This week at the movies, we’ve got a spiritual journey (The Chronicles of Narnia: The Voyage of the Dawn Treader, starring Georgie Henley and Skandar Keynes) and some European intrigue (The Tourist, starring Johnny Depp and Angelina Jolie). What do the critics have to say?
Thus far, the Chronicles of Narnia movies have generated respectful enthusiasm from audiences and critics – in contrast to the rabid culthood surrounding the Lord of the Rings or Harry Potter movies. And critics say that’s not likely to change with the franchise’s latest outing, (The Voyage of the Dawn Treader, which they say is visually striking but lacks both excitement and a sense of wonder. Once again, the Pevensie children are back in Narnia, and this time they must journey across the sea and collect seven swords in order to save Narnia from certain destruction. The pundits sayDawn Treader isn’t bad, and some of the creature designs are remarkable, but it’s short on urgency, wide-eyed marvel, and a sense of fun.

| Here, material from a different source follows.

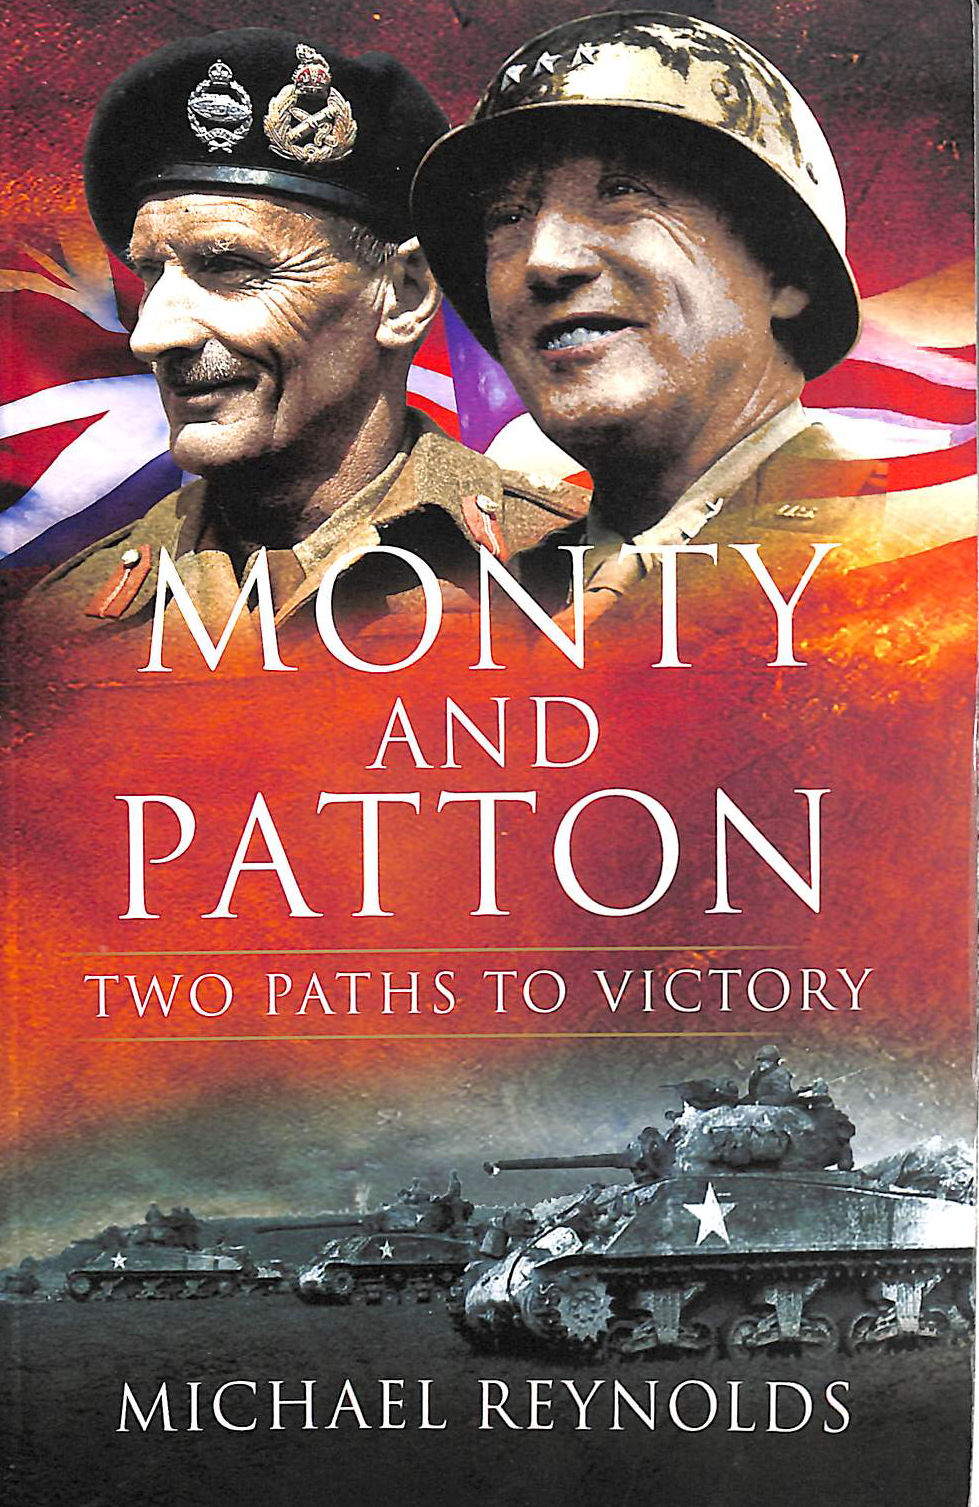 MICHAEL REYNOLDS - Monty and Patton: Two Paths to Victory

Everybody loves a caper picture, the kind in which beautiful people get in and out amidst picturesque locales. Right? Not necessarily in the case of The Tourist; critics say the seemingly can’t-miss proposition of Johnny Depp and Angelina Jolie trying to escape danger amidst the splendor of Europe’s most iconic cities is a serious letdown, a slow-moving bagatelle with minimal chemistry between its superstar leads. Depp stars as a lovelorn American who meets the mysterious, beautiful Jolie on a train. It turns out she’s caught up in an international game of cat-and-mouse, and Depp is caught in the crossfire. A certain level of absurdity is inherent in this sort of thing, but the pundits say The Tourist is too slackly paced to keep audiences from suspending disbelief, and the romance between Depp and Jolie is a nonstarter. (Check this week’s Total Recall, in which we run down some other noteworthy superstar duos in the same movie.)
Also opening this week in limited release:
Rabbit a la Berlin, a doc about the thousands of wild hares that lived in the Berlin Wall dunring the Cold War, is at 100 percent.

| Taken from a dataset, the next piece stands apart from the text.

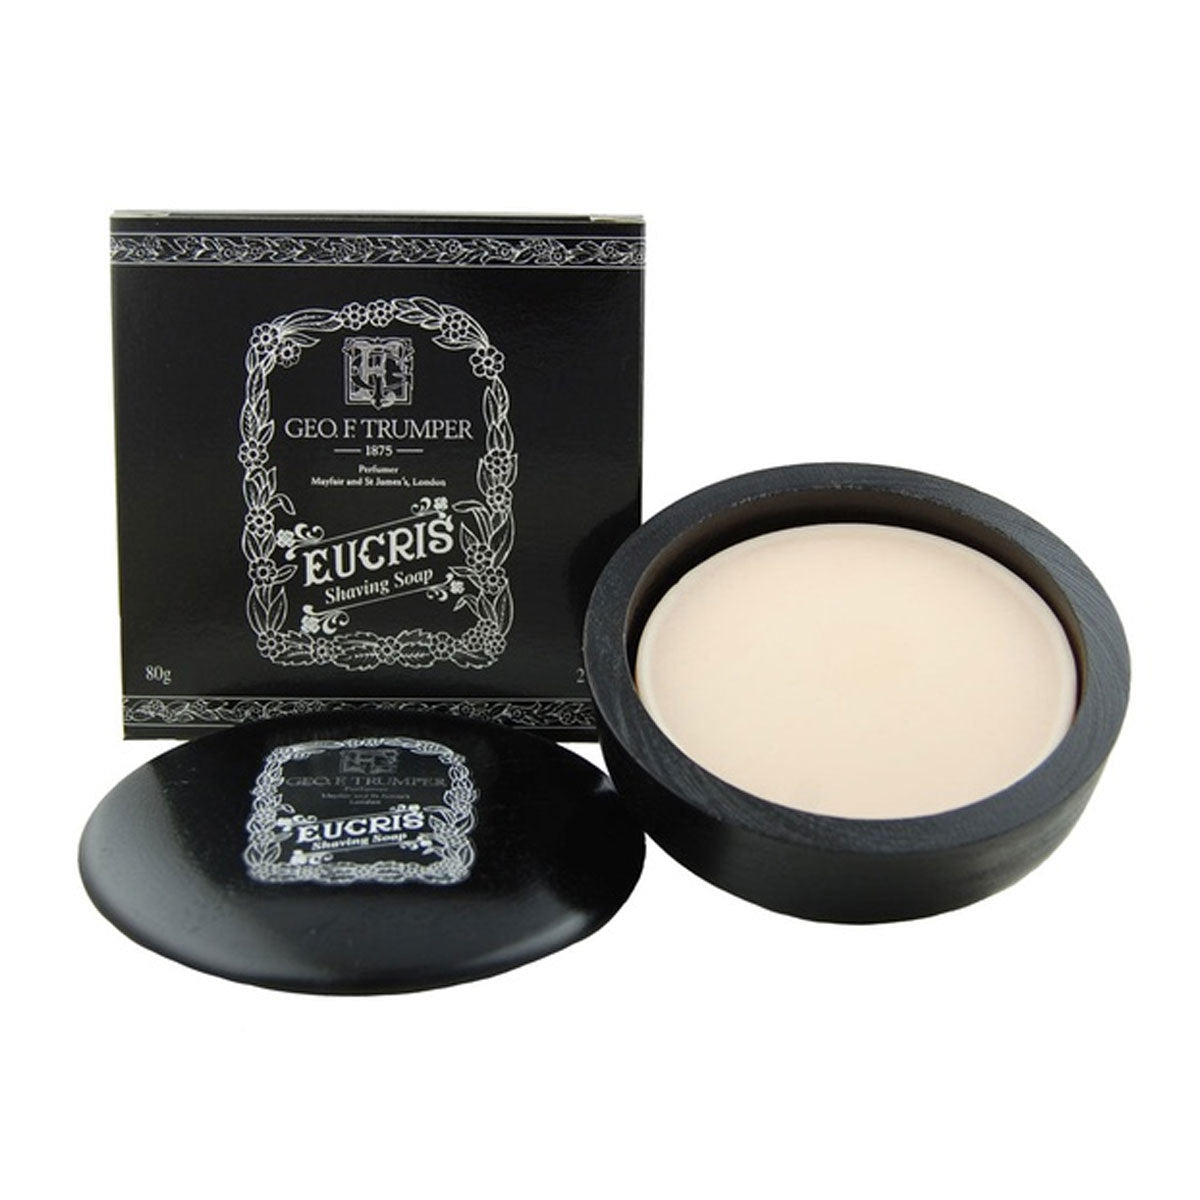 Primary image of Eucris Shaving Soap + Bowl

And Everything Is Going Fine, a documentary portrait of the late, great monologist Spaulding Gray, is at 86 percent.
The Fighter, starring Mark Wahlberg and Christian Bale in a drama about a boxer with some serious family problems, is Certified Fresh at 83 percent (check out co-star Amy Adams’s Five Favorite Films here).
Saint Misbehavin’: The Wavy Gravy Movie, a doc about the countercultural prankster and activist, is at 70 percent.
The Company Men, starring Ben Affleck and Tommy Lee Jones in the tale of a couple of guys facing corporate downsizing, is at 63 percent.
The Tempest, starring Helen Mirren and Jeremy Irons in an unorthodox adaptation of the Shakespeare play, is at 27 percent.
Hemingway’s Garden of Eden, starring Ryan Gosling and Mena Suvari in a thriller based on one of New York’s most famous missing persons cases, is at 13 percent.
Finally, props to Harrison M. for coming the closest to guessing The Warrior’s Way‘s 38 percent Tomatometer.